Tonight I put e. to bed by myself. Someone nearly passed out in anger or distress. We are lucky that the p-man employ is pretty routine (not easy to come by in lawyer-land) so I can count on him to be home for bedtimes. At least, ever since I got smart and told him that his evenings are no longer for
Da Band, or racquet sport du jour, etc, etc! What did that take me like 6 mos. of parenthood to figure out or something?
Butidigress, sort of....So, anyway, he was away tonight and yet I did do it myself. This is no mean feat for the following reasons:
1. My
mean feet. Yep, in week 36 of the pregnancy I turned my ankle and I am not entirely up to the strength requirements of toddler wrastling.
2. I am now 37 weeks + and nearly useless at many things like, general baby hauling, extended periods of patience, uhm, sustained persuasive rationalization of any kind -- of either the internal or external kind. SHIT!
3. With only one month to sibling arrivalry we decided to take
the world's best sleeper and shake it up with
a new bed complete with newish papa-man routine. (Insert something worse that SHIT here please.)
Stooooooopiiiddd!
While we have shaved the negotiation on sleep expectations by at least 45 minutes
in the last week or so... and are now coming in at the more ideal 8:15/8:30 knockout I am not happy. The very intrusion of negotiation into what used to be non-negotiable is really pissing me off.
Also, I ask you to consider this; the disdain and disobedience of the child went as follows:
When trying to lay her in bed...
Child response, 'No pushing' -- well you can't really argue with that can you?
When saying, nigh-night Mama will be outside, you go to bed...
Child response. 'No. No please. Please do not go out there. Close the door please.' Be sure to roll this one in multicoloured sprinkles and
sanding sugar in you mind to replicate the tone of this plea.
When asking for a hug and kiss bye-bye..
Child response.. all manner of renewed energy coming out of left field.
AAARRRGHHHHHH!
Intersperse all the sucking up with a few huge crying jags well seasoned with 'Leave me alone' and baby Garbo is too much for me? Well, maybe not. I don't know. We have spent sometime in the kinder gentler sleep training mode, or at least p-man has. That system involves laying on the floor and setting a good sleep example. Has its attractions for sure. But I don't entirely buy into this sort of 'system' too high maintenance for me. A month ago you put e. in her bed said bye-bye, night-night, see you in the morning light and left. That is my goal. I really can't buy in that the girl who could do that is as washed up as
Jenilee Harrison!
Tonight I tried it a bit different and am a bit more comfortable. But I am still trolling for information/ideas people. Really, the first week was great but something went of the rails. Help! Help! What I tried tonight was to keep focussed on this being bedtime. After bath, zippo toys kiddo! Uno story thanks. Diaper and pajamas in the lovely friendly bed. Child, physically relaxed, might stay in bed? Well, no way. After about 5 minutes she is out. I put her back. She's out. Angry, going to lie on the floor. I put her back. Getting angrier and angrier. Going for the books to get me where it hurts. I put her back maybe a half dozen times. She is flipping out. We step out of the bedroom and do a relaxing circuit of good night to the cats, chairs, rooms, etc. She leads back to her room... near but not in the bed. Looks promising but noooooo, you are hooped motherwoman! A couple more distractions and bed putting exericises. Really only 15 minutes have elapsed.. so I don't think it will be too freaky if I play my trump card. Bye-bye. I step out.

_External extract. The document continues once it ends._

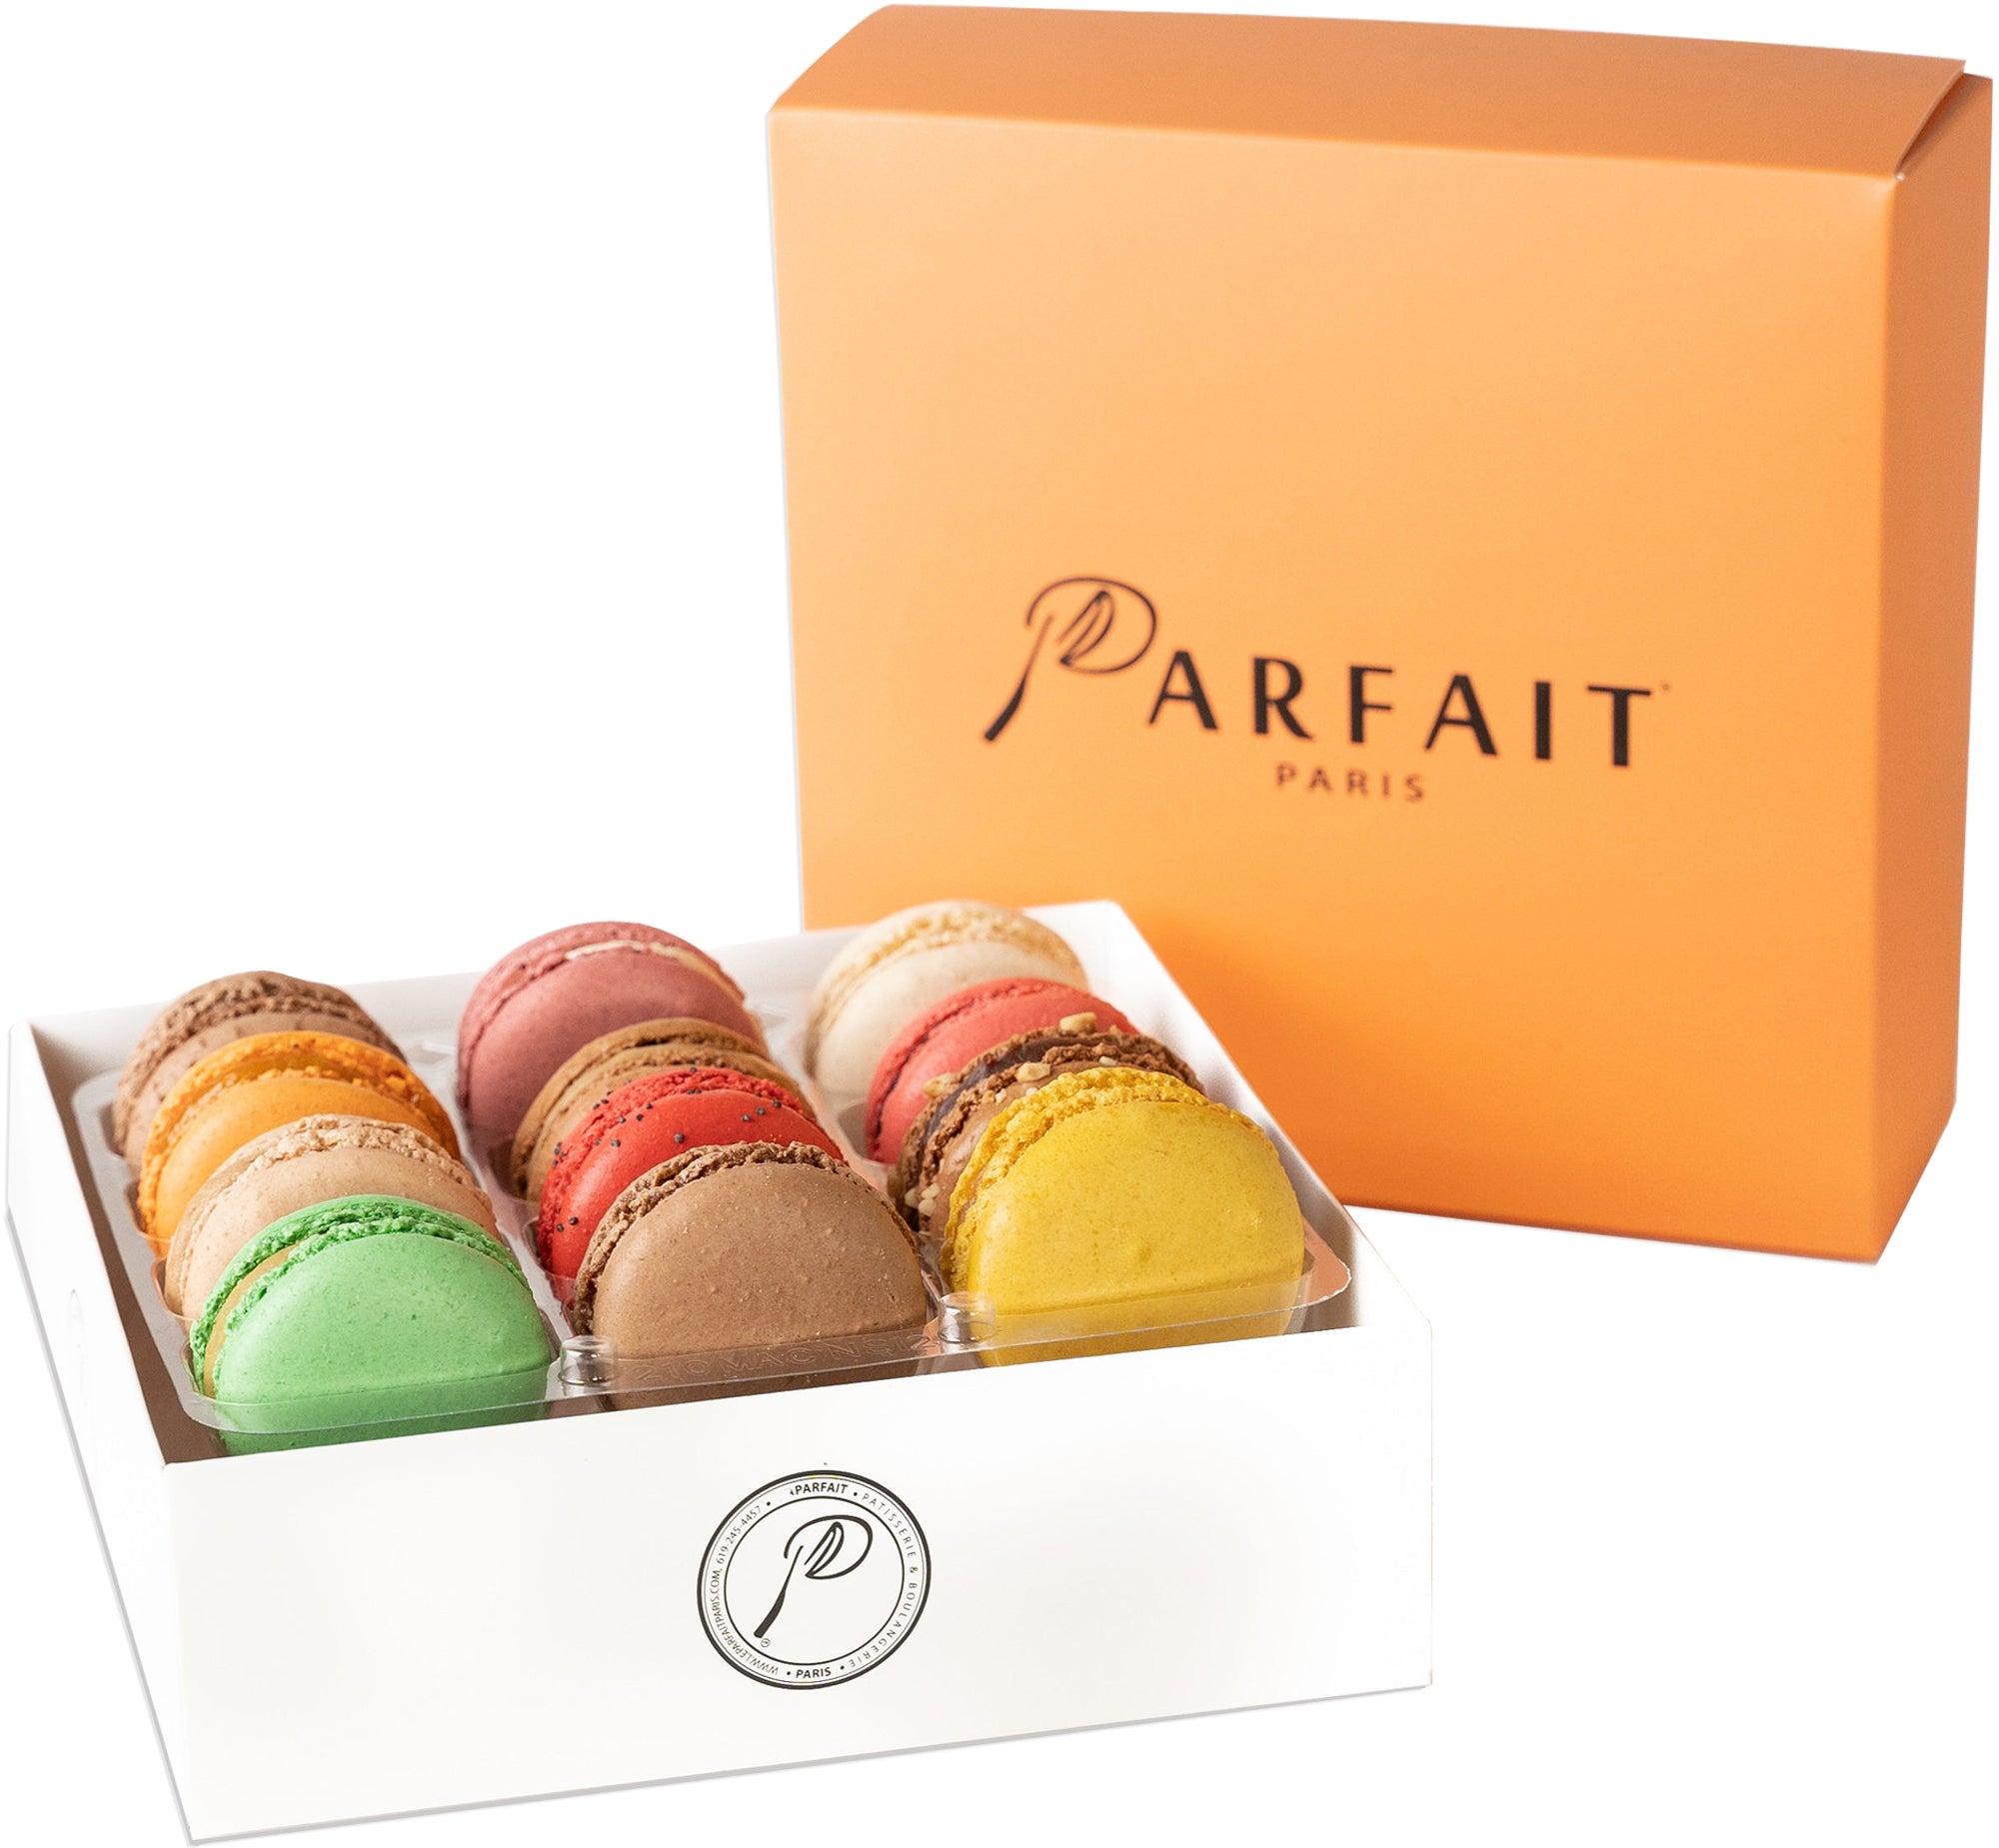 Parfait Paris Macaron Variety Pack

This is what we used to do. We used to leave. For the first week the door might open on us 1 or 2 or 3 or maybe 5 times but whatever. This is what I want to get back to, right? The hard crying subsided pretty quick and within 5 minutes she was calmish. The door opened. I asked, 'May I come in?'. 'Yes' she says nicely and then she does agree with me it is time for bed. I escort her bedside but don't put her in. She flops her head and shoulders on her bed and looks sleepy. I briefly rub her back and wish her a good night. Then I retreat to the door. I am trying to depart. But relent. I lurk near the door, tell myself 10 minutes should do it. She is inching up into her bed one inch per minute it seems. In the ten she is up in bed, obviously comfortable and mostly in the seven mile stare.

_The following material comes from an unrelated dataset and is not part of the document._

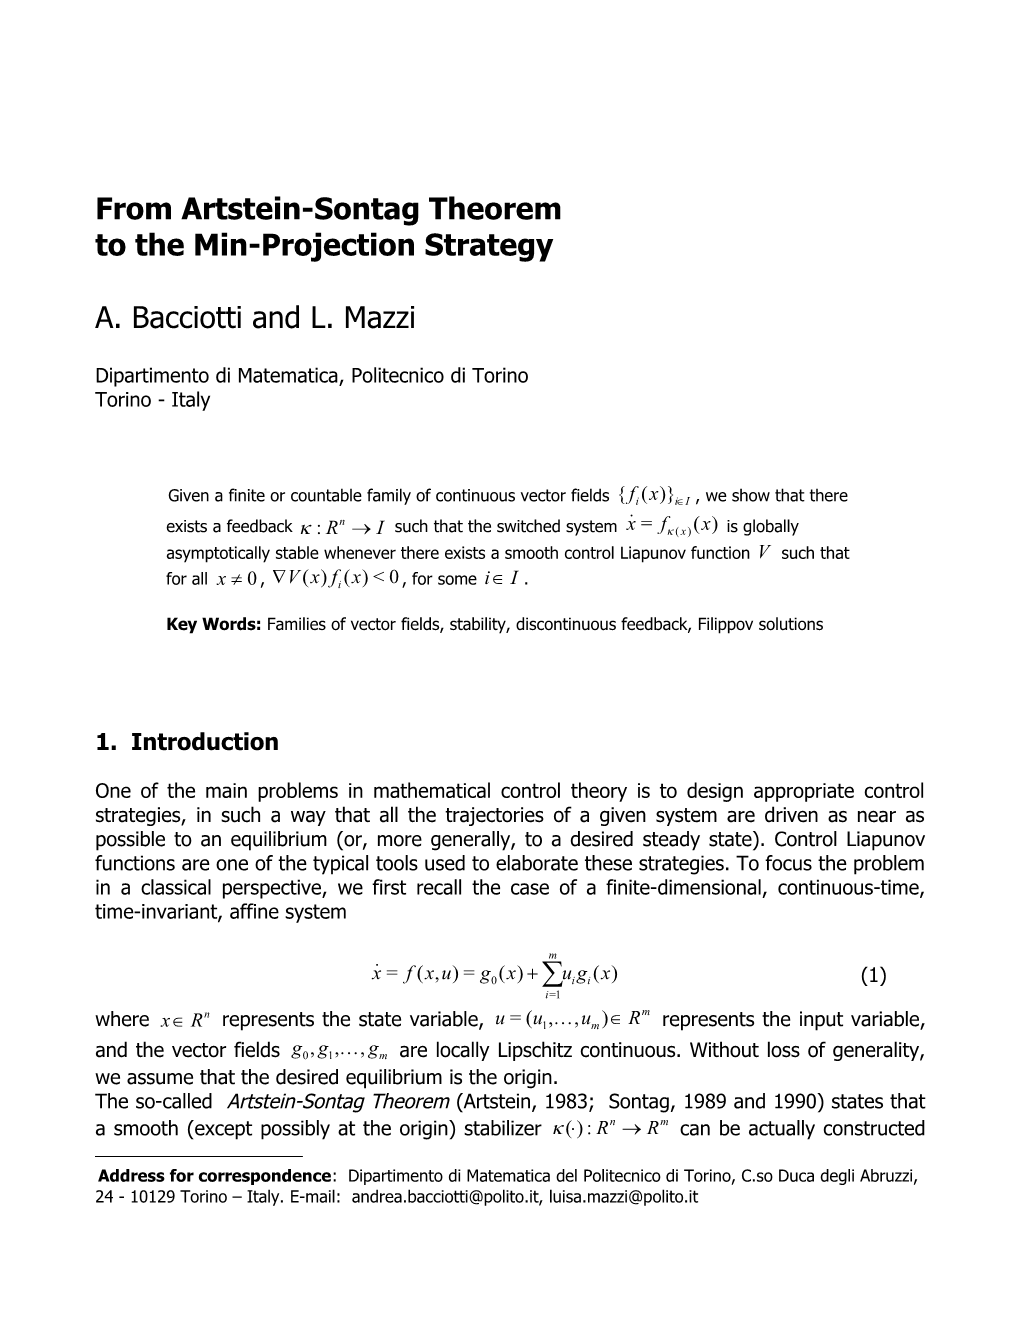 From Artstein-Sontag Theorem

My massive 37/4 preggo frame is bearing down on my crappy foot. It more than stings. I am dying to get out of there. I shift my weight. She shoots me a look. I smile and nod. I ain't afraid of you baby girl, I tell myself. I am
a selfish mother! I step toward the door bang on minute 10. Another look. I step out. She sleeps still.
Yay!
...... I think???What do you think people? How long might it take doing this before we can just walk out again? I am still havin' her be the boss a'me with this sort of plan? Any tricks, tips? Should I put her in her bed or it
better for her to get in herself?
I'll share one tip myself. If you are going to take your kids crib away for another kid do it well outside of the last four weeks of your pregnancy. Better for everyone, of this I am sure. -- It probably isn't even the bed is it?